— Task to complete —
Once you reach the line with "Quimperlé, porte d'entrée" in the material below, copy each line exactly up to and including the line with "En promotion, tous les Star Wars sont", and skip the pictures.

— Raw data —
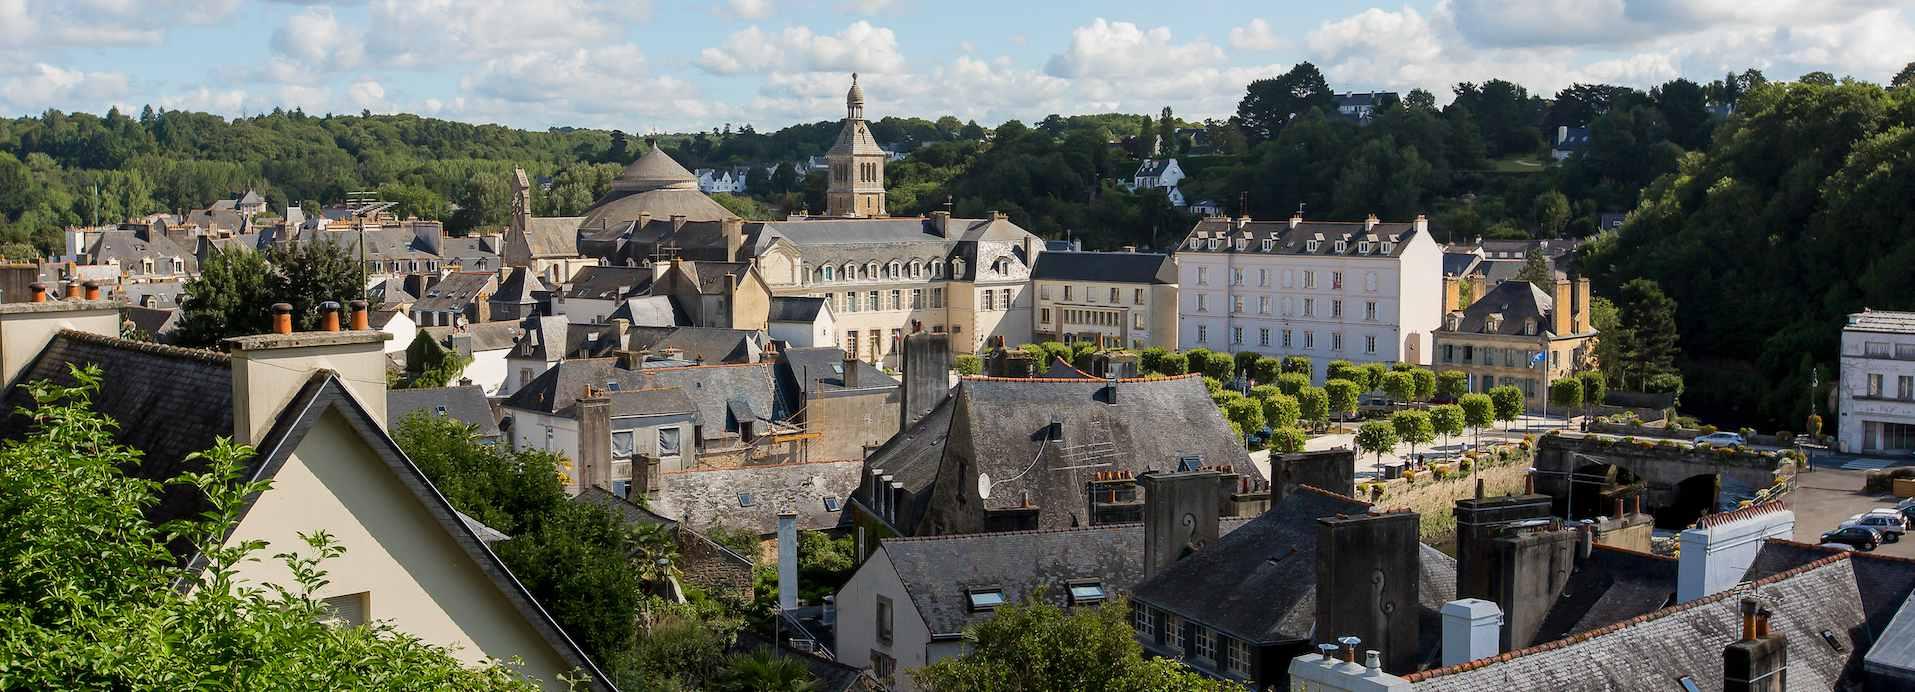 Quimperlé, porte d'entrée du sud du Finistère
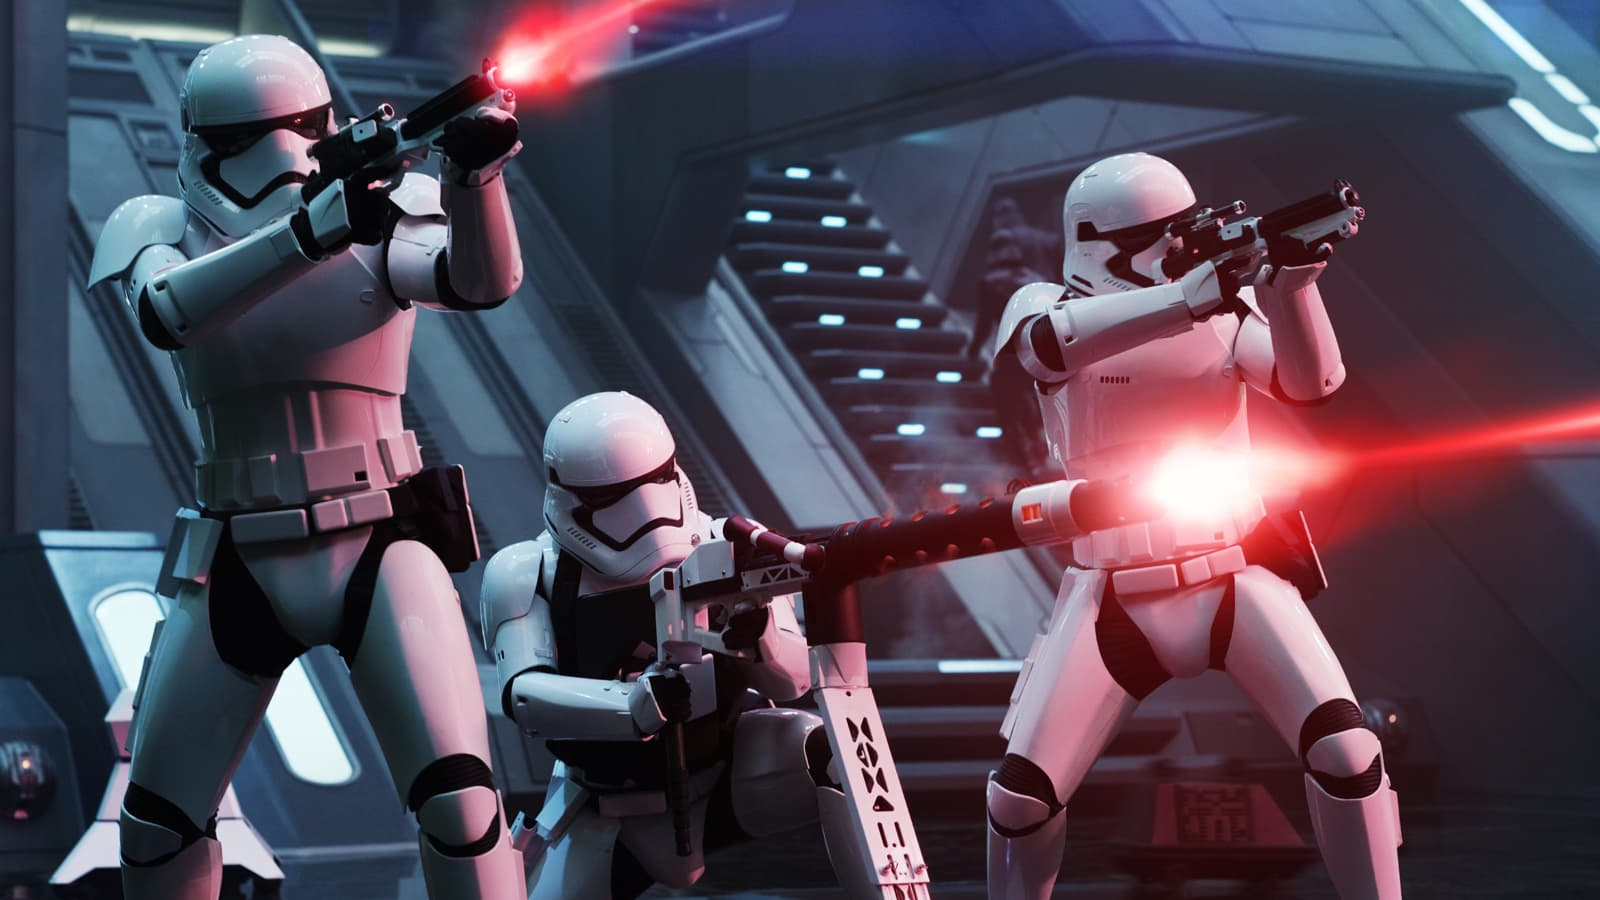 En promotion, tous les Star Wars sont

...

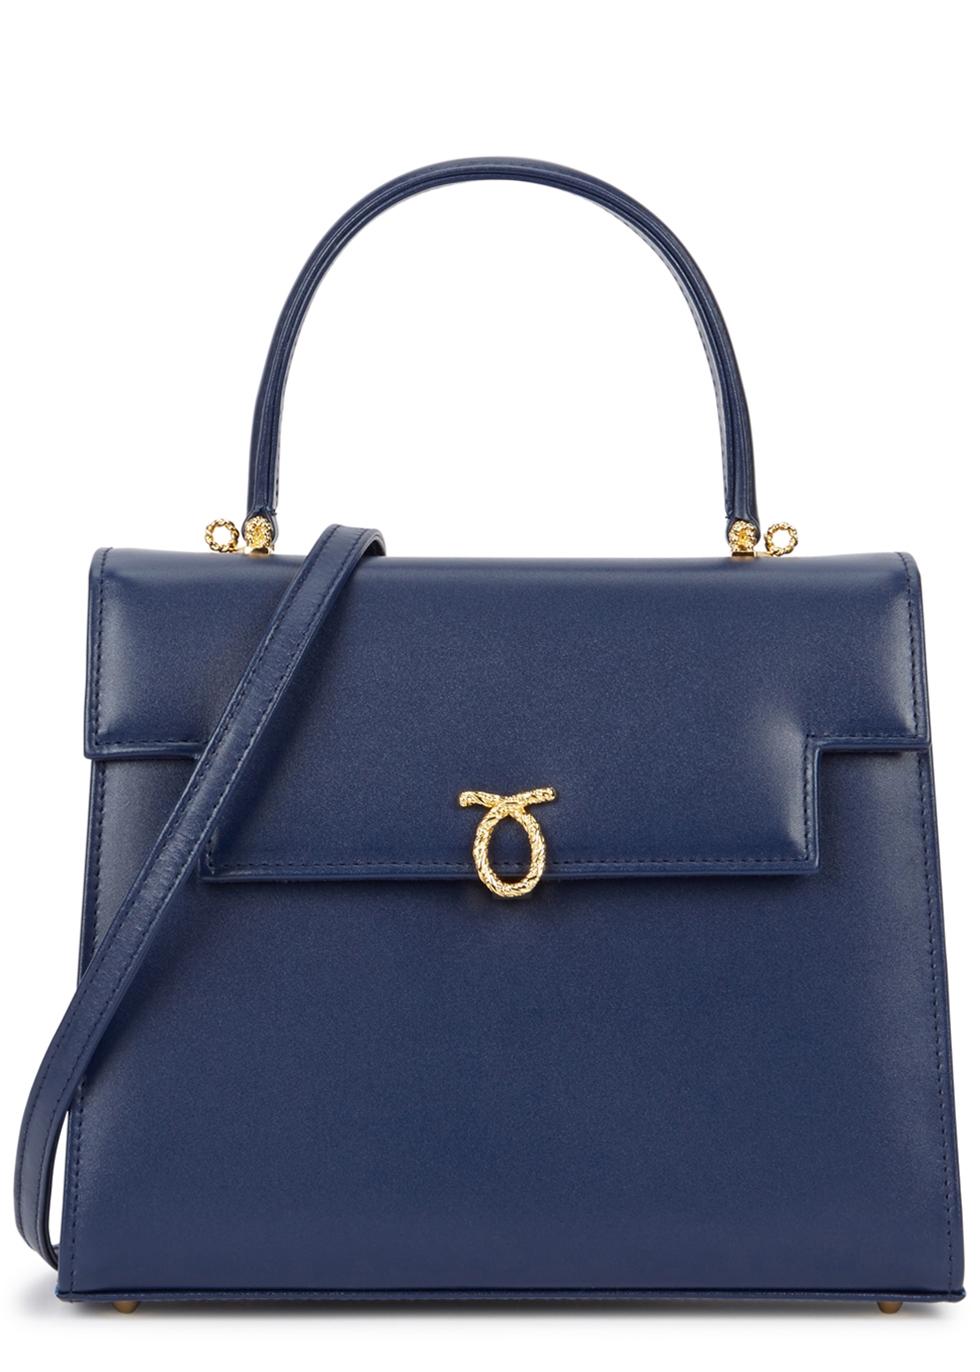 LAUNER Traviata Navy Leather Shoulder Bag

— Answer to this exercise —
 Quimperlé, porte d'entrée du sud du Finistère
 En promotion, tous les Star Wars sont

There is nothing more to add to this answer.